- [TASK TO COMPLETE]: Repeat only the lines below from the one that contains "兰迪·伍德森总理在FUJIFIM Diosynth活动上发言" through the final line, exactly. Omit pictures.

- [GIVEN INFORMATION]:
------------------------------------------------------------

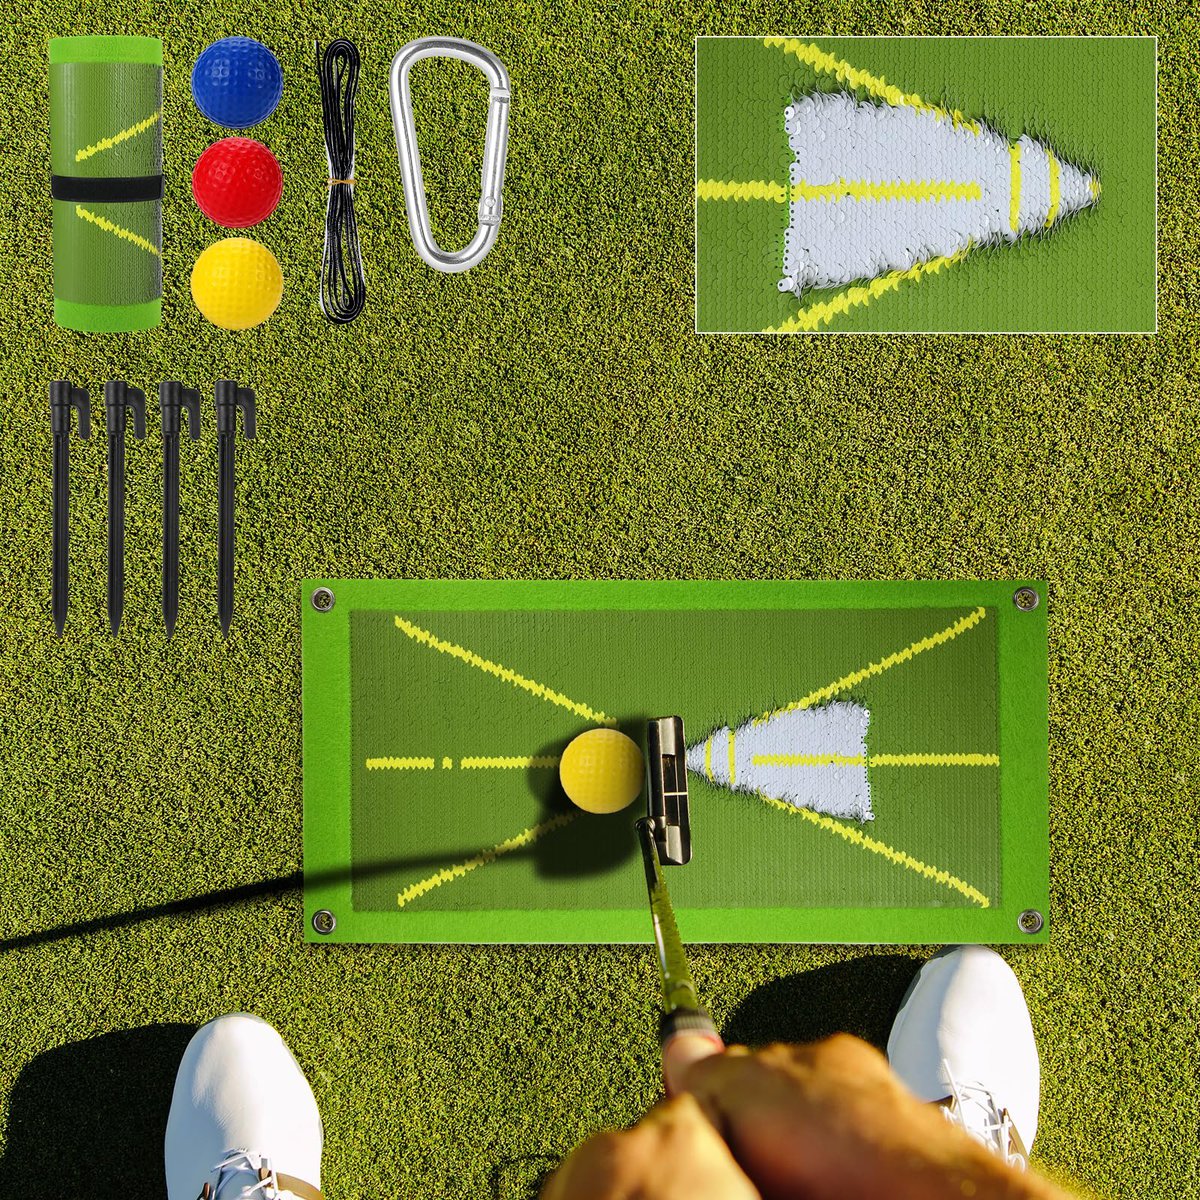 ZESKUU Golf Hitting Mat 5 Best Golf Hitting Mats
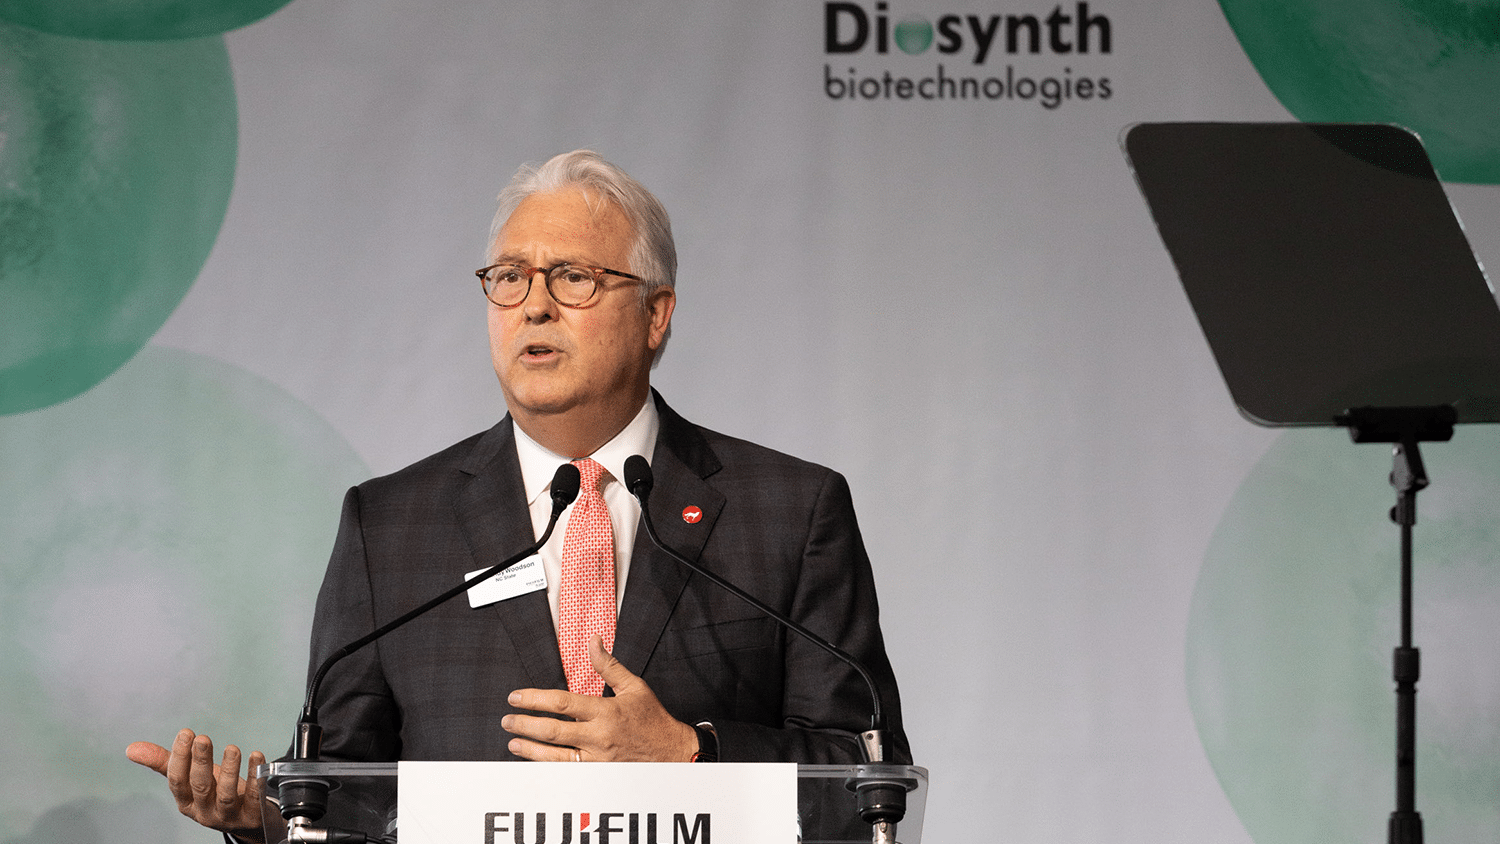 兰迪·伍德森总理在FUJIFIM Diosynth活动上发言
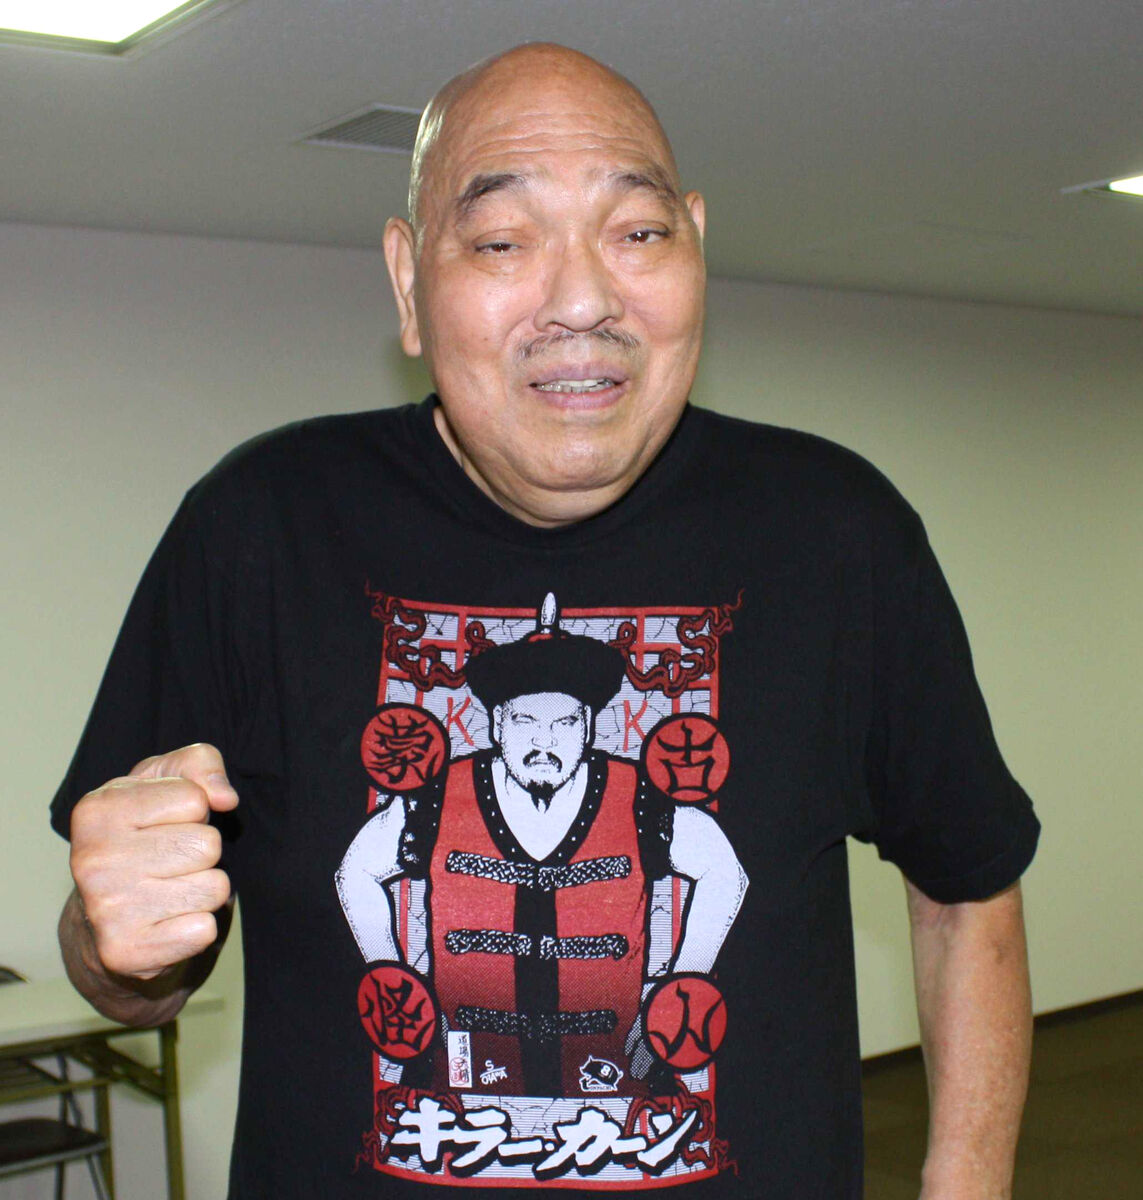 Der Profi-Wrestler mit bürgerlichem Namen Masashi Ozawa starb Berichten zufolge an einem Arterienriss

------------------------------------------------------------

- [ANSWER BELOW]:
 兰迪·伍德森总理在FUJIFIM Diosynth活动上发言
 Der Profi-Wrestler mit bürgerlichem Namen Masashi Ozawa starb Berichten zufolge an einem Arterienriss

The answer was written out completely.